If you believe that you don’t have implicit forms of bias, take the Harvard implicit racial bias quiz. When I took the quiz, to my utter horror, I discovered that I was statistically biased toward white people. That is true for the vast majority of people who take the quiz despite their race. To have to grapple with the fact that my own subconscious inclinations, despite a significant amount of racial pride and educational expertise in black culture, is toward white people remains difficult, because this means at some level, that white supremacy makes me distrust people who look like me. Good intentions alone are simply insufficient to challenge a system so vast as white supremacy.

Recognizing that racism is not primarily about our intent matters as we move into 2015, a year in which young people will continue to demand a national solution to racialized police brutality. Until we can stop looking for explicit racial animus, and start asking questions about the implicit forms of bias that shape the way all police officers patrol and police communities of color, the bodies will continue to pile up.  And white people’s brunches will continue to be disrupted.

Racism is more complicated and more pervasive than domestic terrorists covered in white sheets using the N-word. Racism is more complicated than your grandparents’ use of racial slurs. Racism is more complicated than whether any given person is “a good person.” Even Leigh Ann Tuohy, the good white lady who took in and raised a homeless black boy and was portrayed by Sandra Bullock in “The Blind Side,” is not immune to assuming the worst about young black men.  Acknowledging complicity is not the same thing as acknowledging intent. Acknowledging complicity is about acknowledging that you thrive in this system because your ancestors built and structured this world for you to thrive. As an isolated fact, this is not a bad thing. But in the broader context in which your ancestors also structured a world so that only white people would thrive, acknowledging complicity is an affirmation that you no longer want to compete in a rigged race.  But such assertions make the vast majority of white people uncomfortable to the point of defensiveness.  What would happen if white people moved past the defensiveness and became eager about joining together with people of color to eradicate these systems?

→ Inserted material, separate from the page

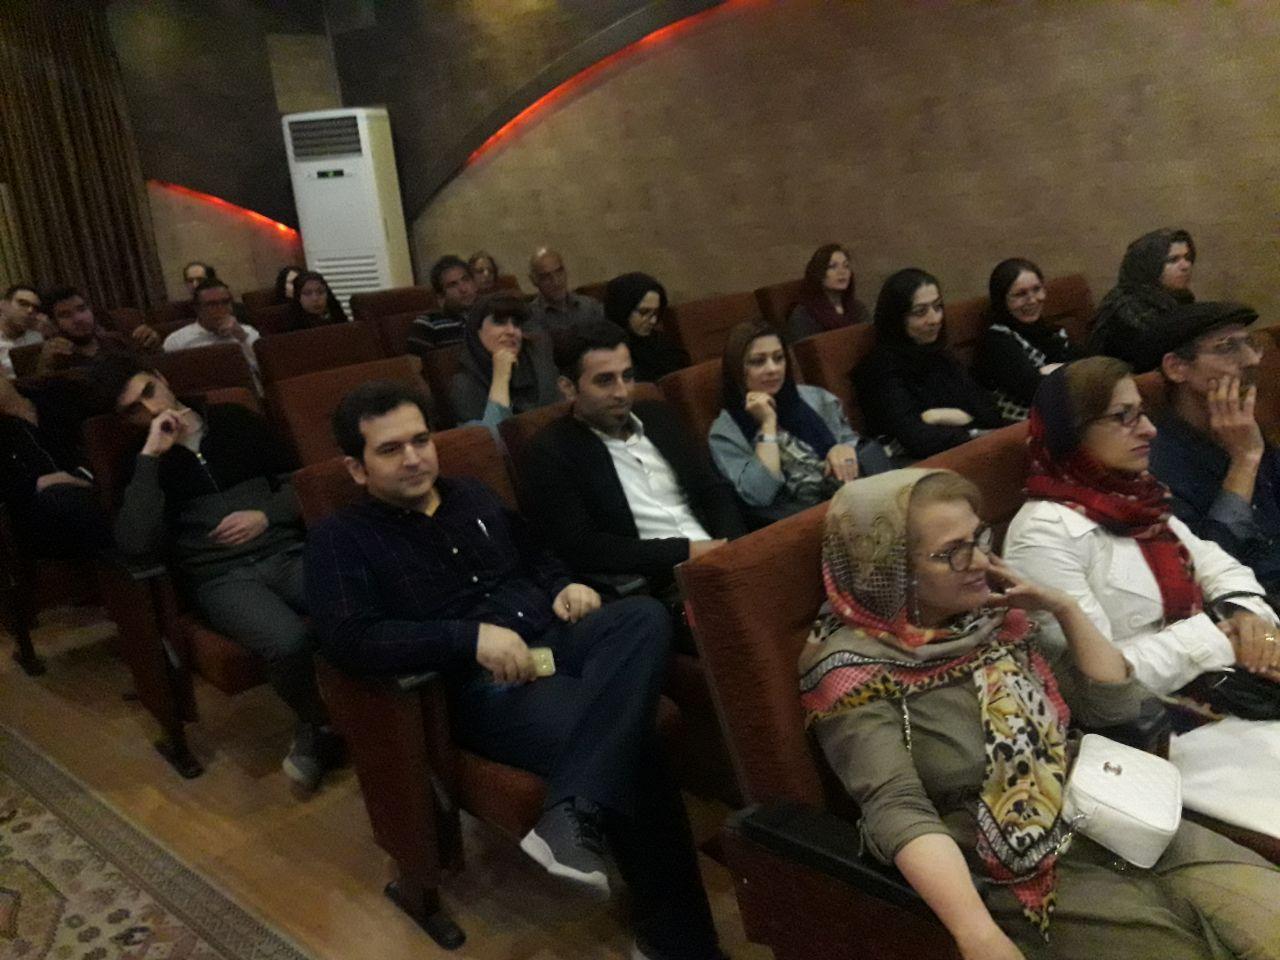 به مناسبت روز بزرگداشت حافظ همایش «در محضر دوست» با حضور مسئولین و شاعران برگزیدهی استان و کشور و در میان استقبال علاقهمندان به شعر و ادب پارسی در لاهیجان برگزار شد.

If, like me, the results of your implicit bias quiz have you feeling overwhelmed, and have you feeling like ending racism is too big a goal, too elusive a goal, then let’s try this. Even though I am skeptical of New Year’s resolutions, I always feel like an underachiever when I watch my friends make them, while I, being slightly contrary, refuse. But a friend shared this post that encourages us to focus not so much on goals but on systems. In the fight for racial justice, I think the broader lesson applies. If we want to see an end to racism, we have to change – or even overhaul-- the system. The deaths of every victim from Eric Garner to Tanisha Anderson to NYPD Officers Liu and Ramos are severe symptoms of a system that does not well serve those of us who love justice.

You can’t escape complicity. But you can – as we all can—set new intentions and do our damnedest to bring them to fruition. Let’s set new intentions, put in place new, more constructive systems that are not beholden to our intentions, and commit to act on behalf of justice, for others and ourselves. I believe this will work in my battle with weight loss. And I believe it will work in our battle with white supremacy, too.